Every line below must be reproduced exactly; no pictures are to be included.

* [DATA BLOCK]:

*** Begin section ***

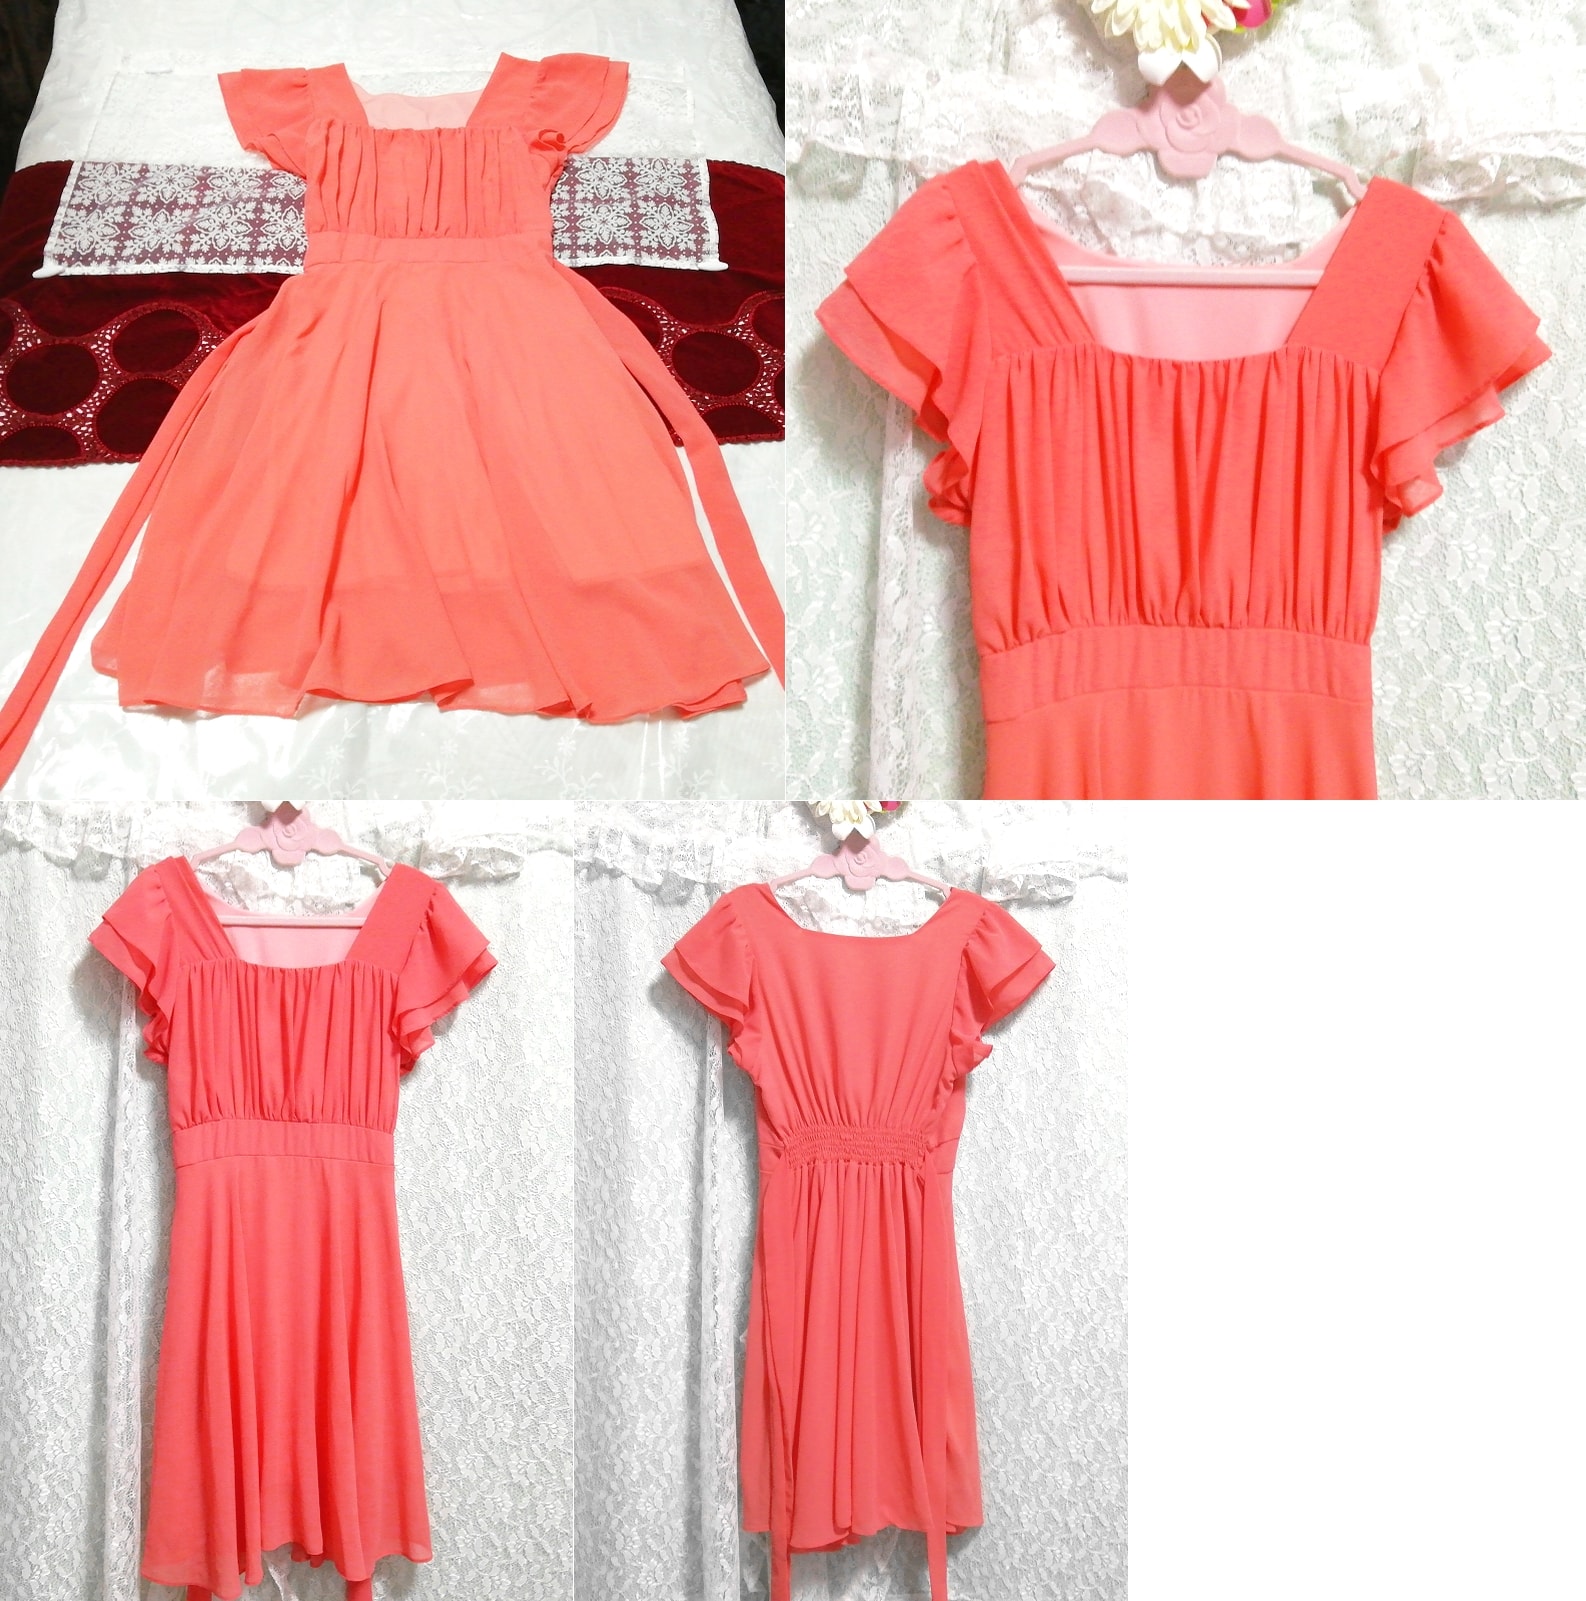 Salmon pink chiffon negligee nightgown tunic dress, knee length skirt, m size
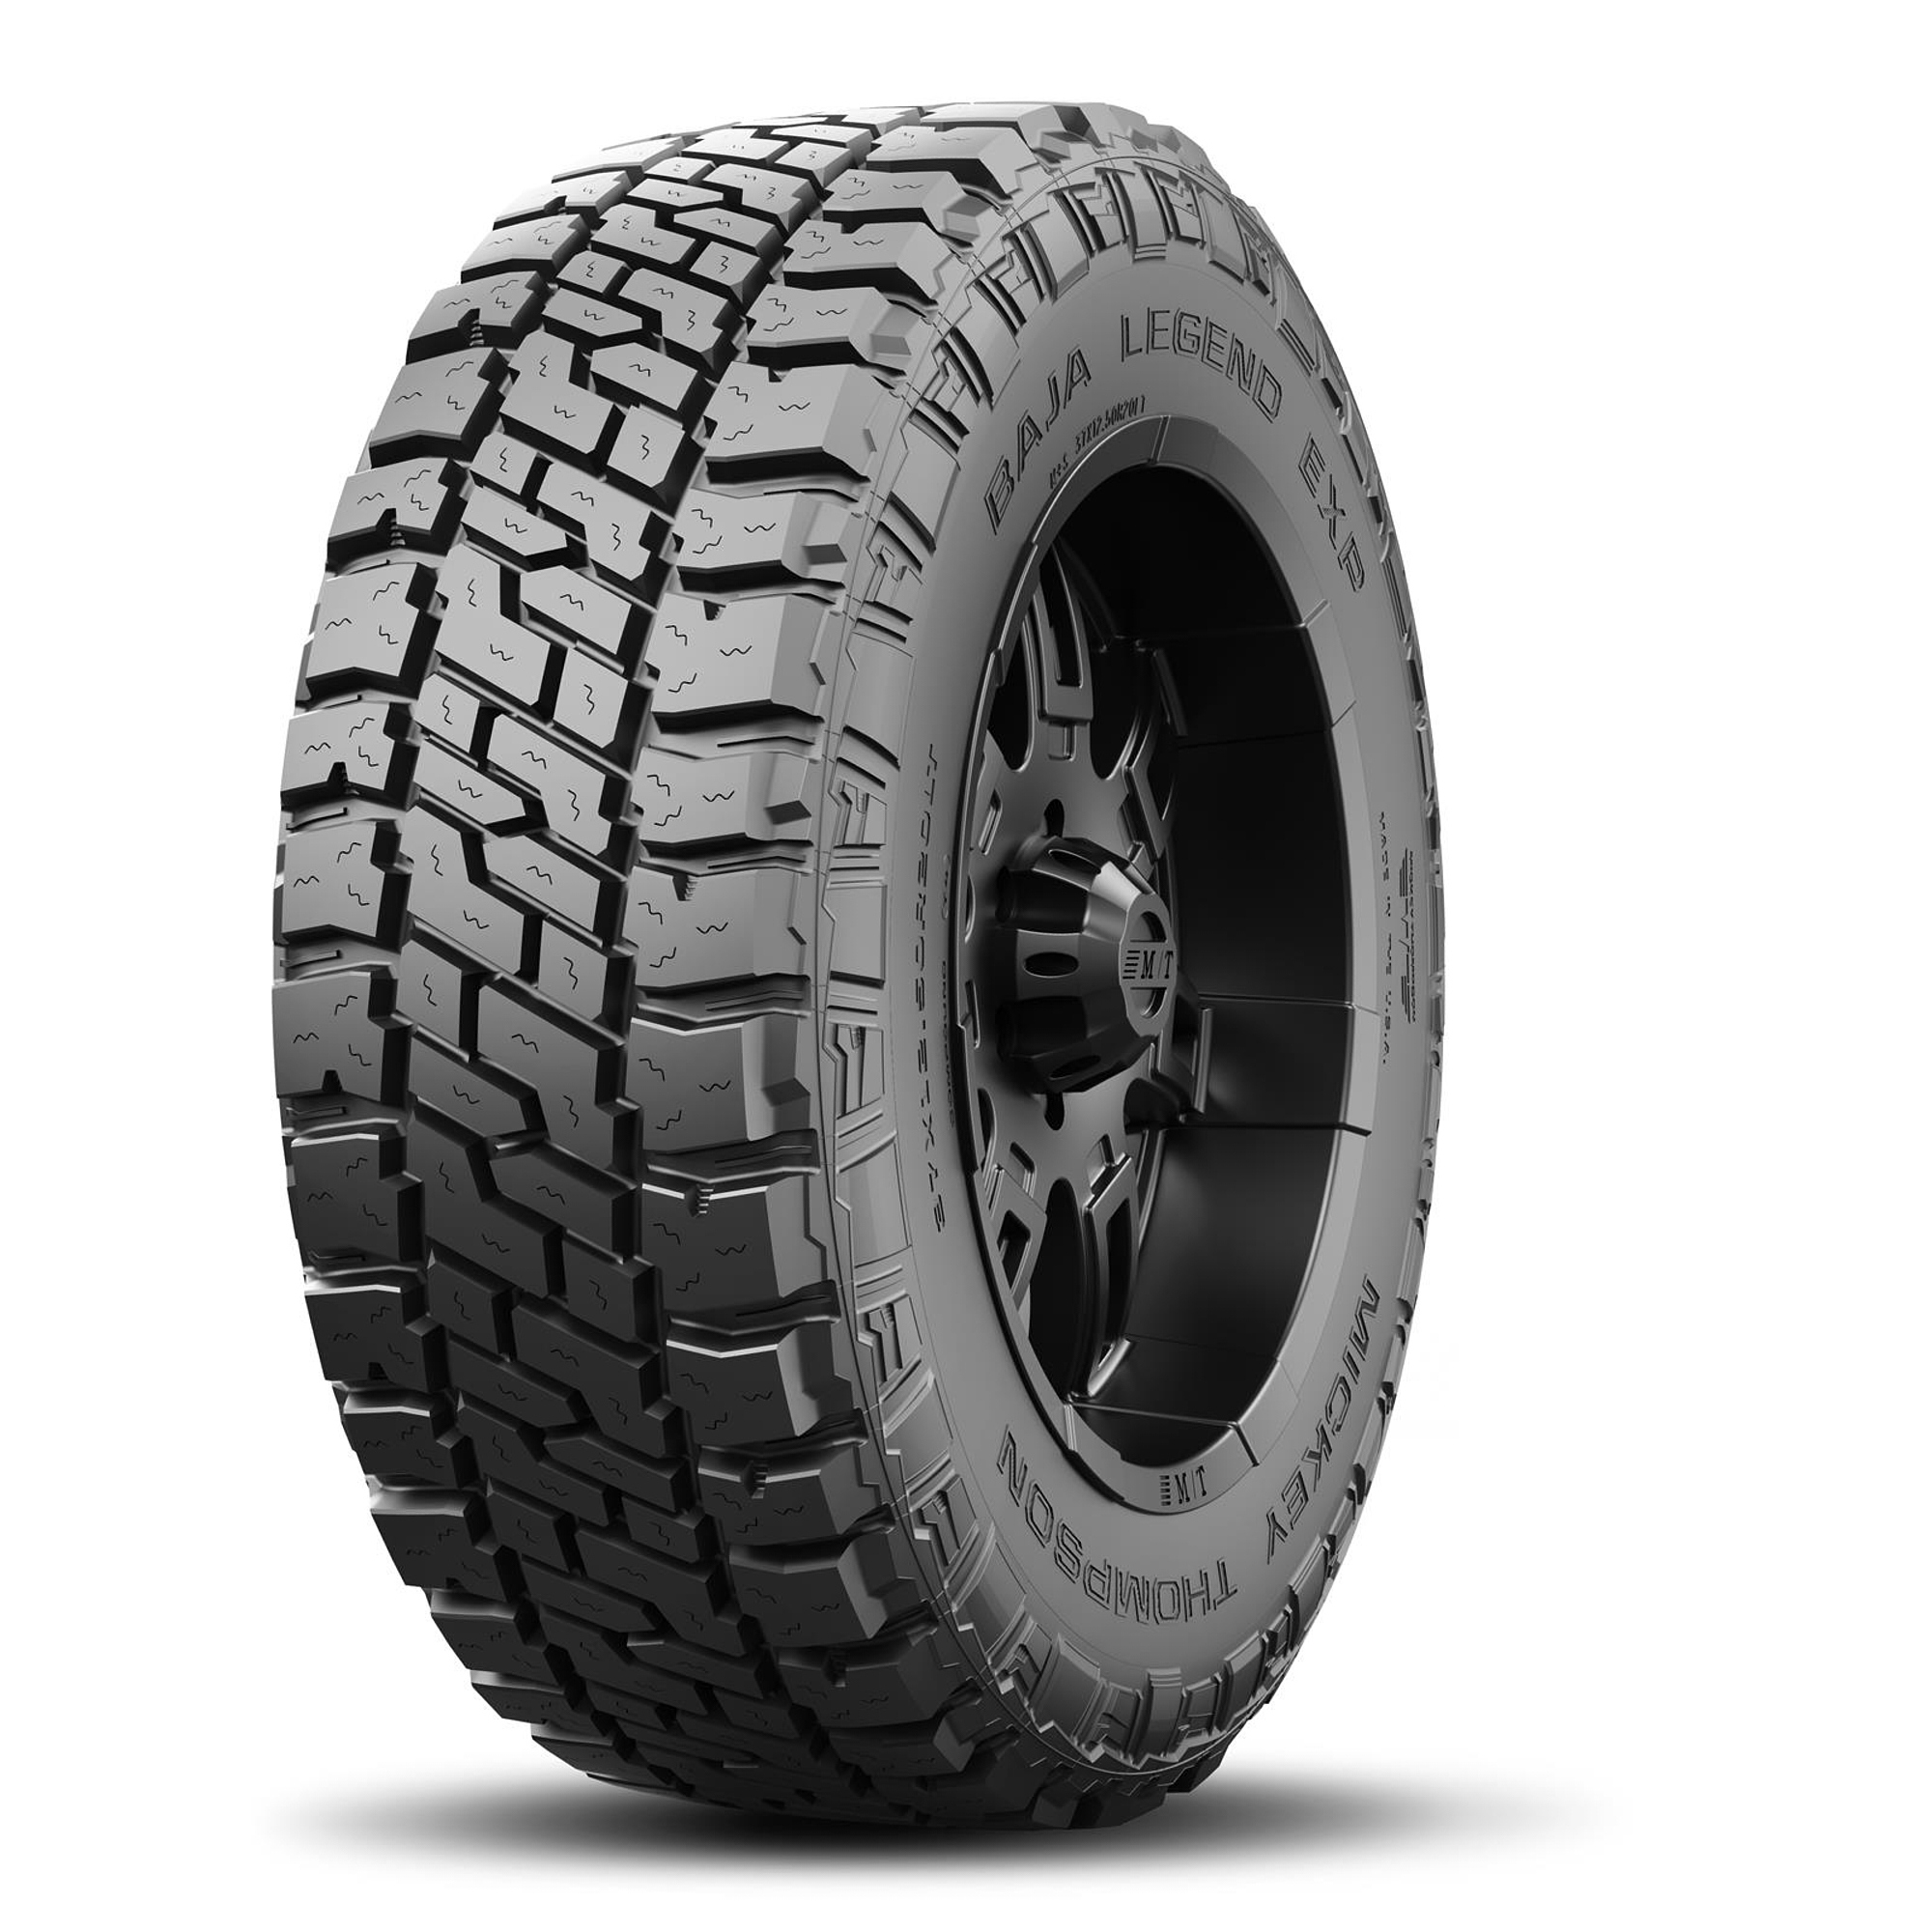 Baja Legend EXP Tire 33X12.50R15LT 108Q - 247541
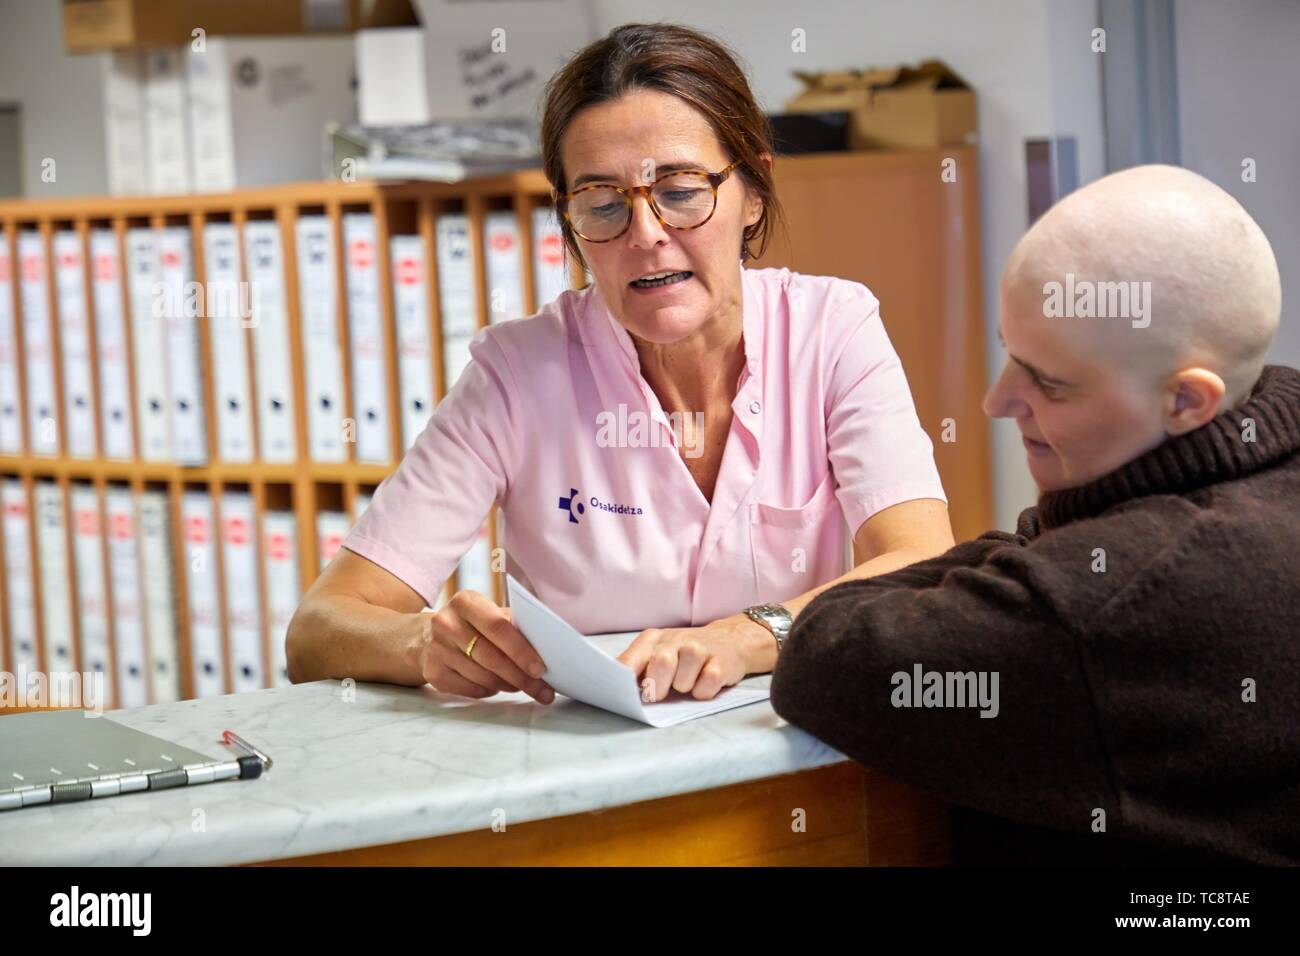 Aide infirmière assiste à la réception de l'hôpital de patients atteints du cancer, de l'oncologie, l'hôpital Donostia, San Sebastian, Gipuzkoa, Pays Basque, Espagne Banque D'Images

*** End section ***

* [WRITTEN RESPONSE]:
 Salmon pink chiffon negligee nightgown tunic dress, knee length skirt, m size
 Baja Legend EXP Tire 33X12.50R15LT 108Q - 247541
 Aide infirmière assiste à la réception de l'hôpital de patients atteints du cancer, de l'oncologie, l'hôpital Donostia, San Sebastian, Gipuzkoa, Pays Basque, Espagne Banque D'Images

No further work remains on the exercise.